DATA EXCERPT Start Marker

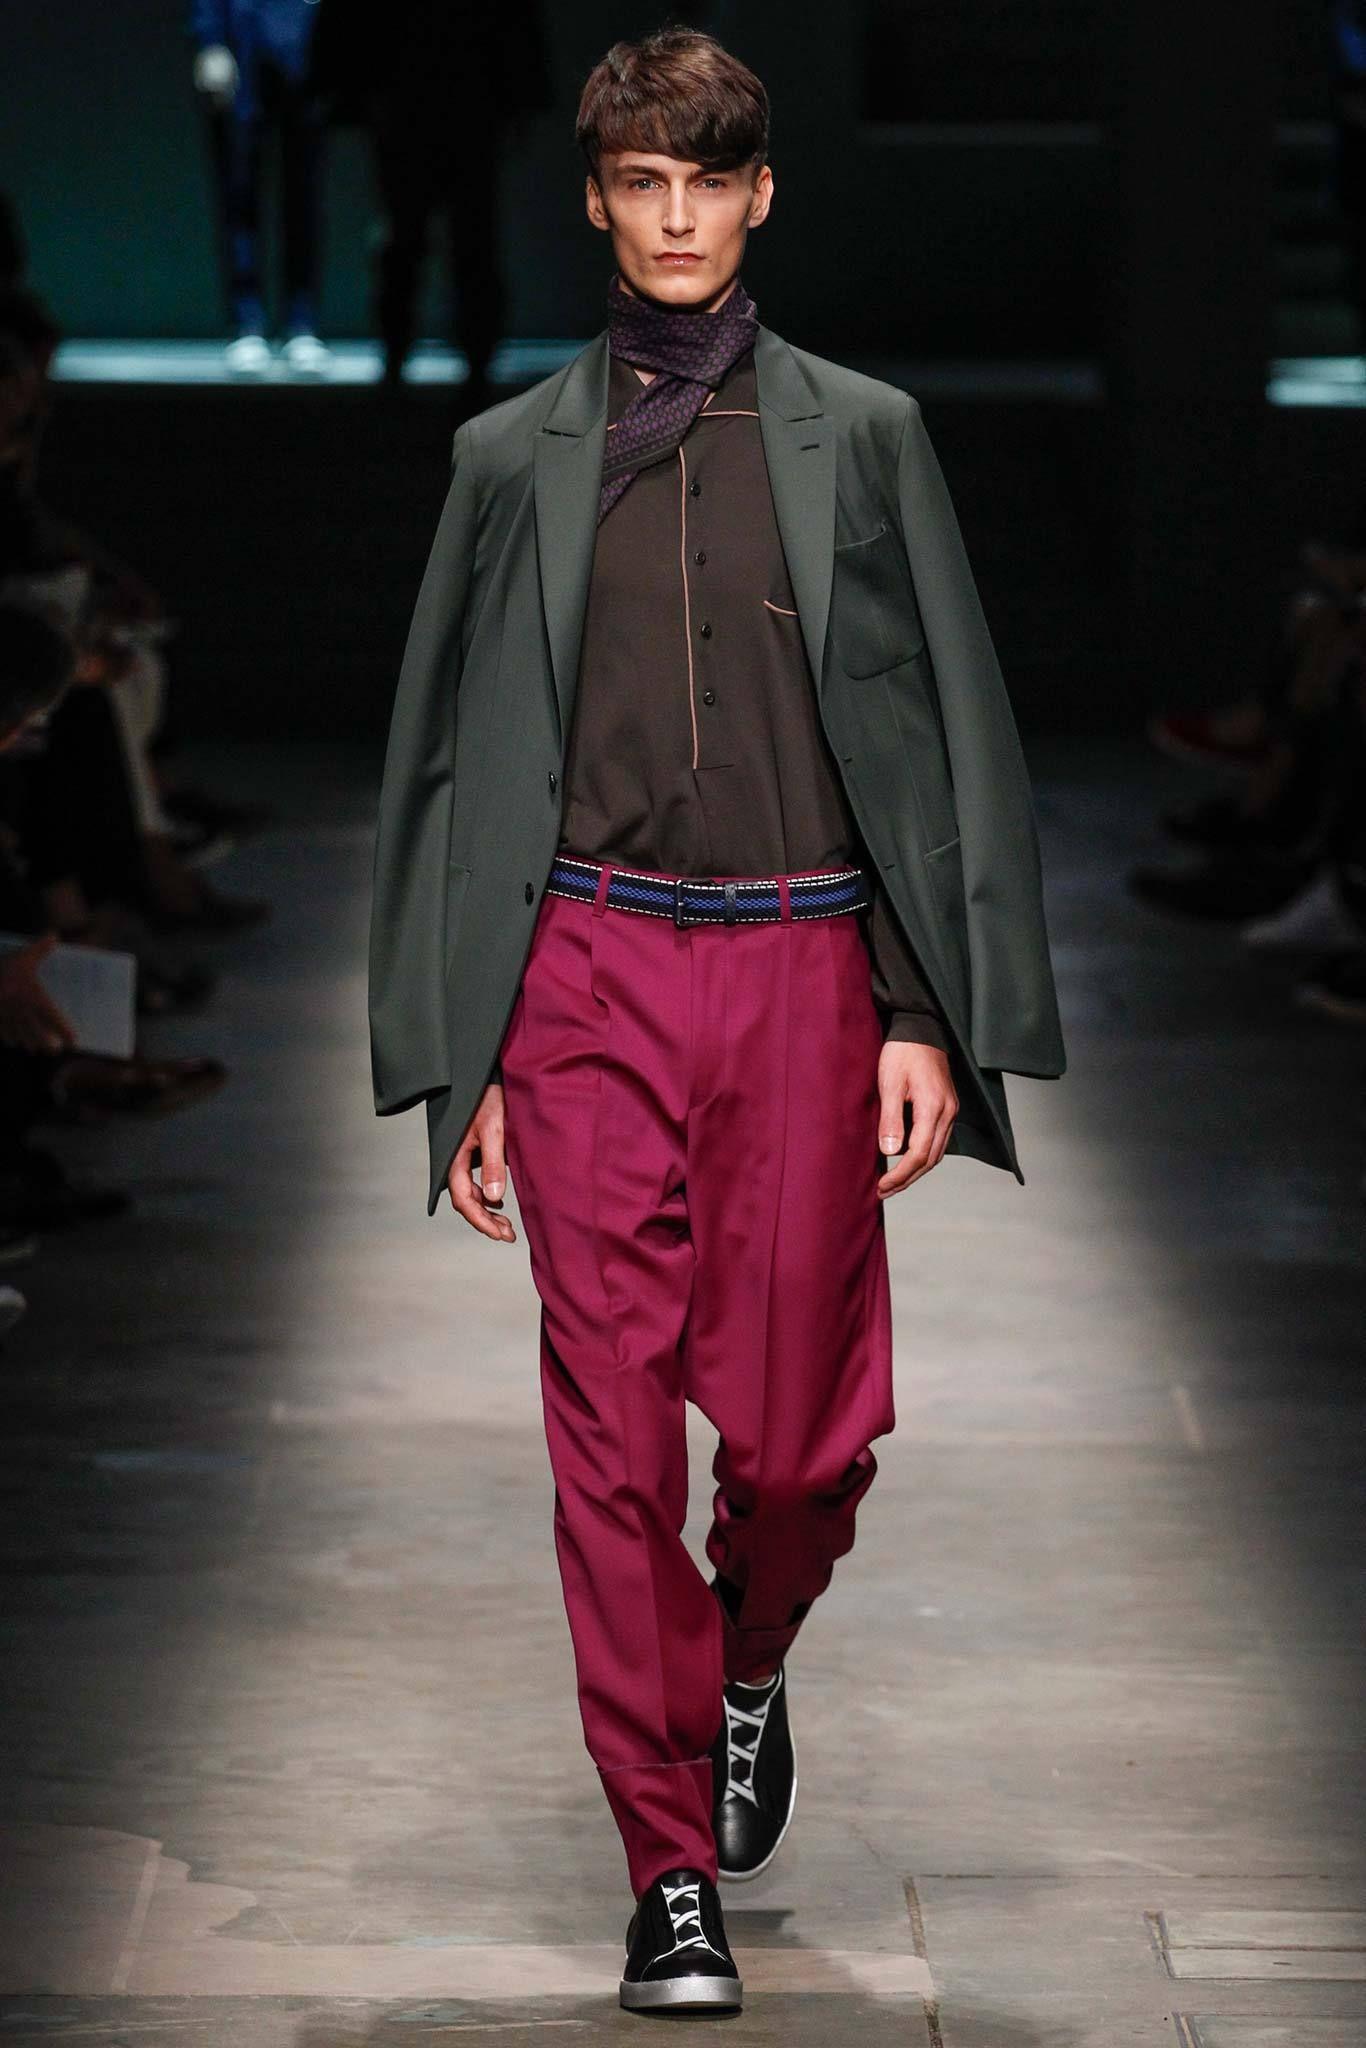 5a51116c33a55b Spring 2015 Menswear - Ermenegildo Zegna Voorjaar 2015 Mode
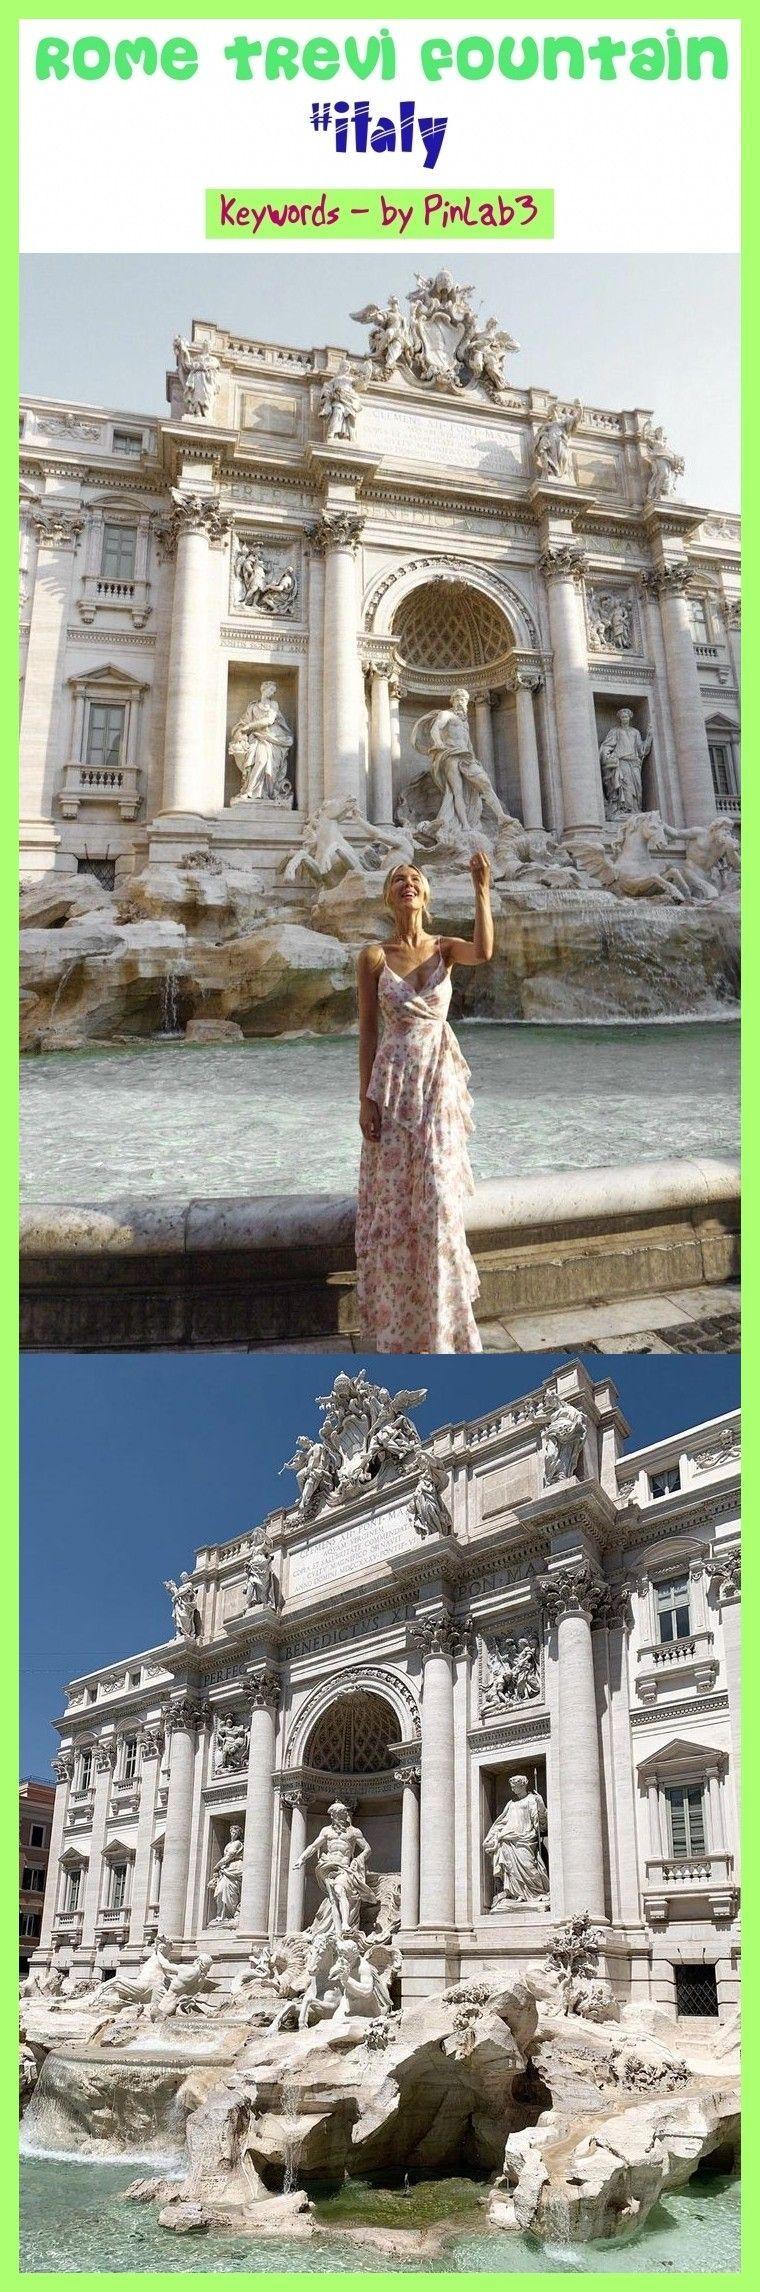 Rome Trevi Fountain Trevi Fountain Rom Trevi Brunnen Fontaine De Rome Trevi Fuente De Roma Tre Brunne In 2020 Rome Nightlife Rome Photography Rome Pictures
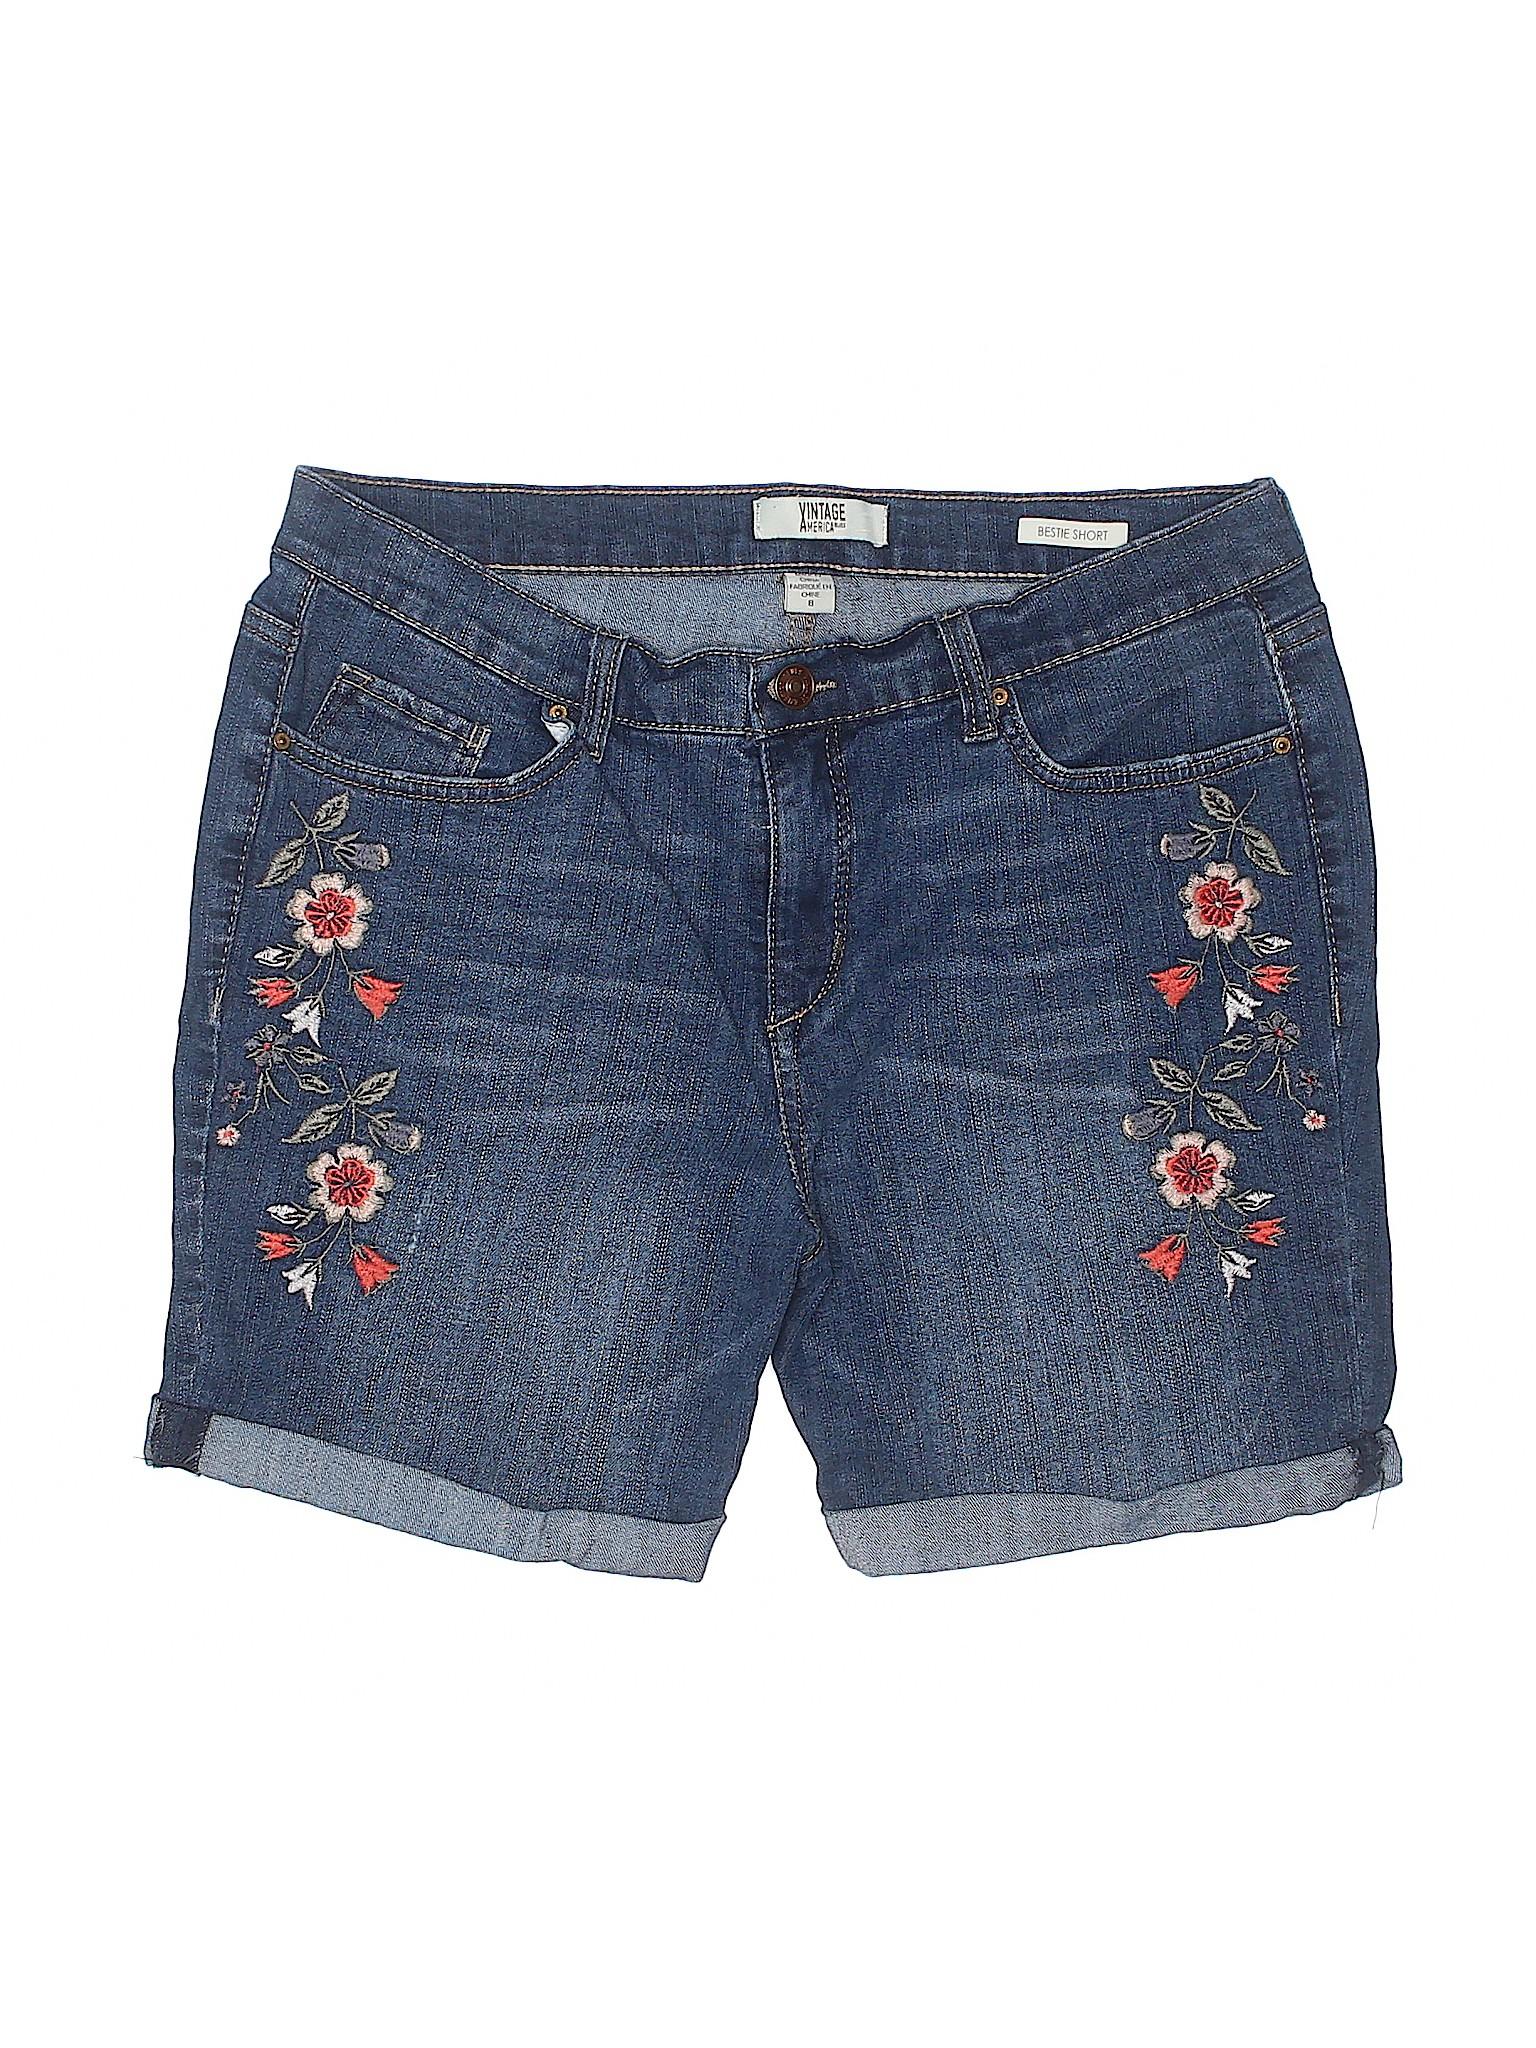 Shorts Vintage Denim Boutique Blues America qUOSvwOnIg

DATA EXCERPT End Marker

WHAT THE TASK ASKS:
Take the line containing "Rome Trevi Fountain" as the first line and the last line of the data above as the final one, and output exactly the lines between them, inclusive, with no pictures.

ANSWER BOX:
 Rome Trevi Fountain Trevi Fountain Rom Trevi Brunnen Fontaine De Rome Trevi Fuente De Roma Tre Brunne In 2020 Rome Nightlife Rome Photography Rome Pictures
 Shorts Vintage Denim Boutique Blues America qUOSvwOnIg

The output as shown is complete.